The second category were Public or Private Active Groups, where I specifically reached out to moderators about the possibility of preserving groups. Functionally, moderators represented a kind of community partner, who was not only familiar with in-community privacy norms but could also make members aware of the impending preservation and offer them right of refusal on having their content preserved. I provided moderators who responded to my initial outreach with a donation form, where they submitted a group description, attached copies of any group-relevant images (such as logos, etc), lists of email addresses to be excluded from preservation, and access restrictions. Access restrictions in particular were meant to give donors more control over who could see the archives—either the QDHP curators could approve requests, or an individual designated by the donor could make that call.

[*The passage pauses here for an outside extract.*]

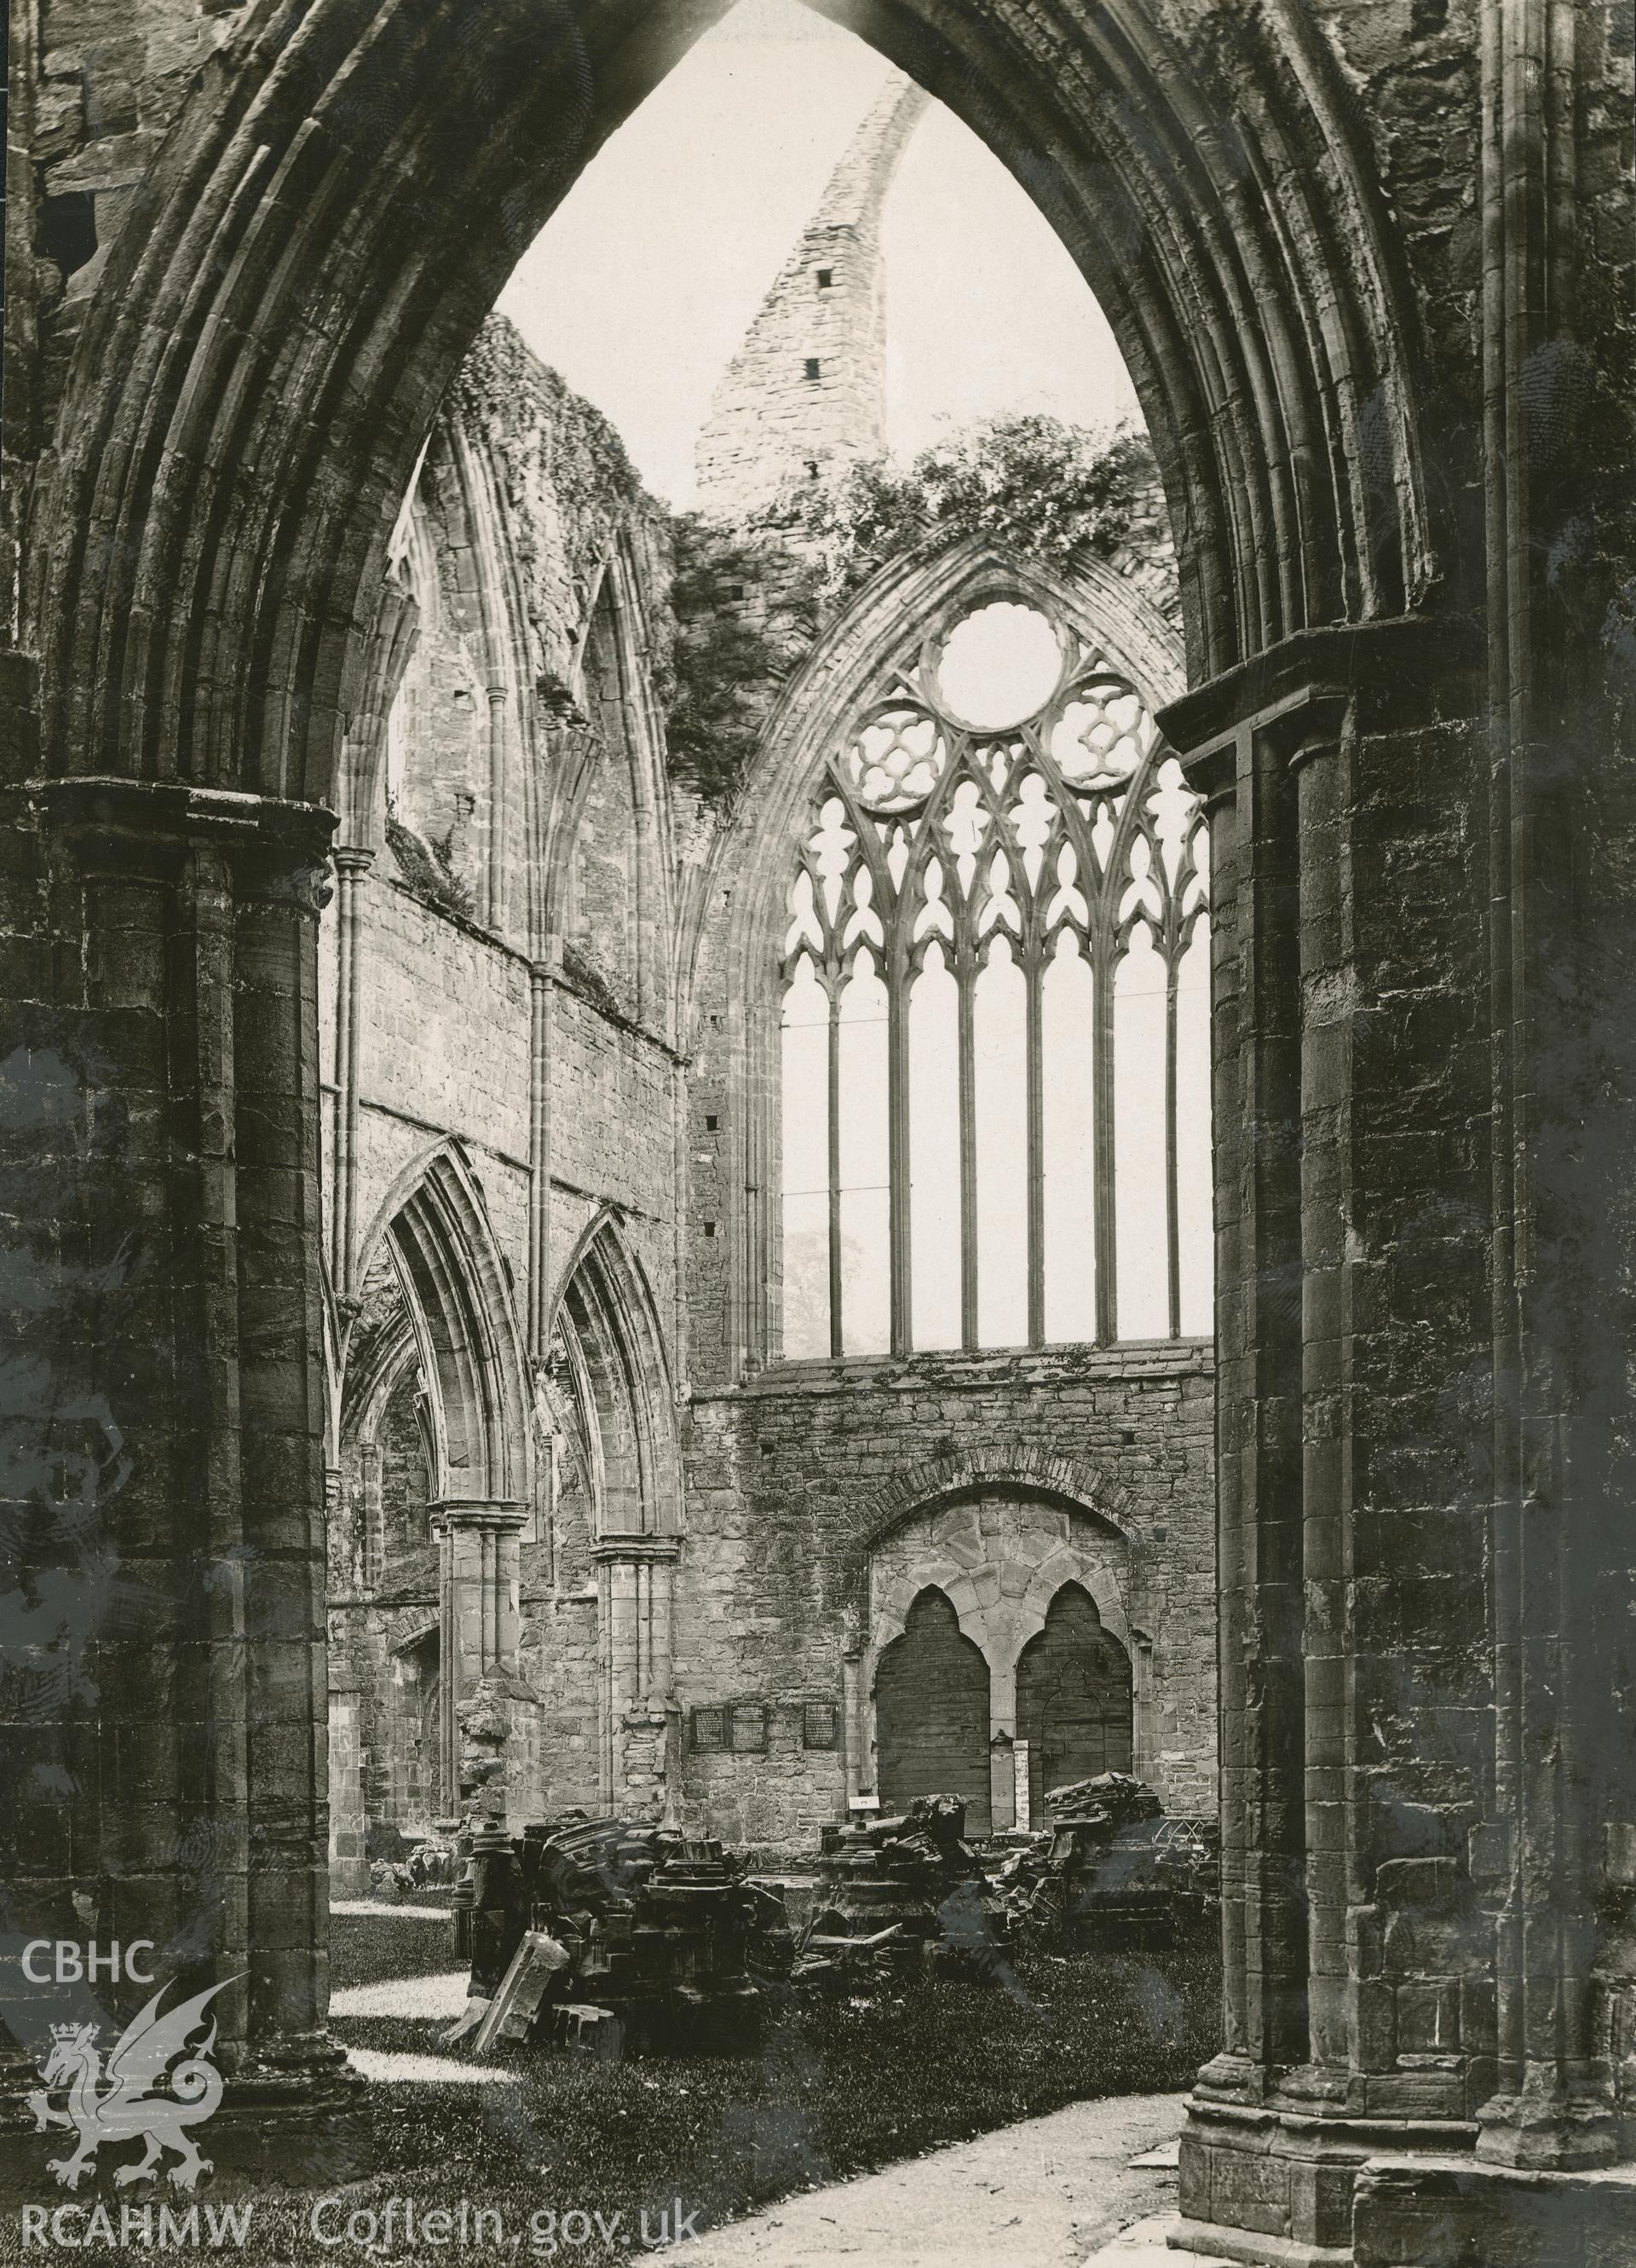 Digital copy of an early National Buildings Record photograph showing the west end of the nave at Tintern Abbey.

In the end, the project’s limited scope and necessity of moderator involvement meant only a small portion of all existing LGBTQ-themed Yahoo Groups were preserved. Yet what might otherwise be seen as “data loss” is, in my view, actually an acknowledgement of web archives’ limitations. As Mel Hogan argues, “while there may be no definitive endpoints to digital flows circulating through the Web, the interception of particular nodes, as moments of interruption, can in itself serve to frame the online archive as a moving memory.”4 For LGBTQ folks, I would argue this movement includes moving on, eschewing preserving all digital traces for first valuing the embodied experiences of the individuals who produced them.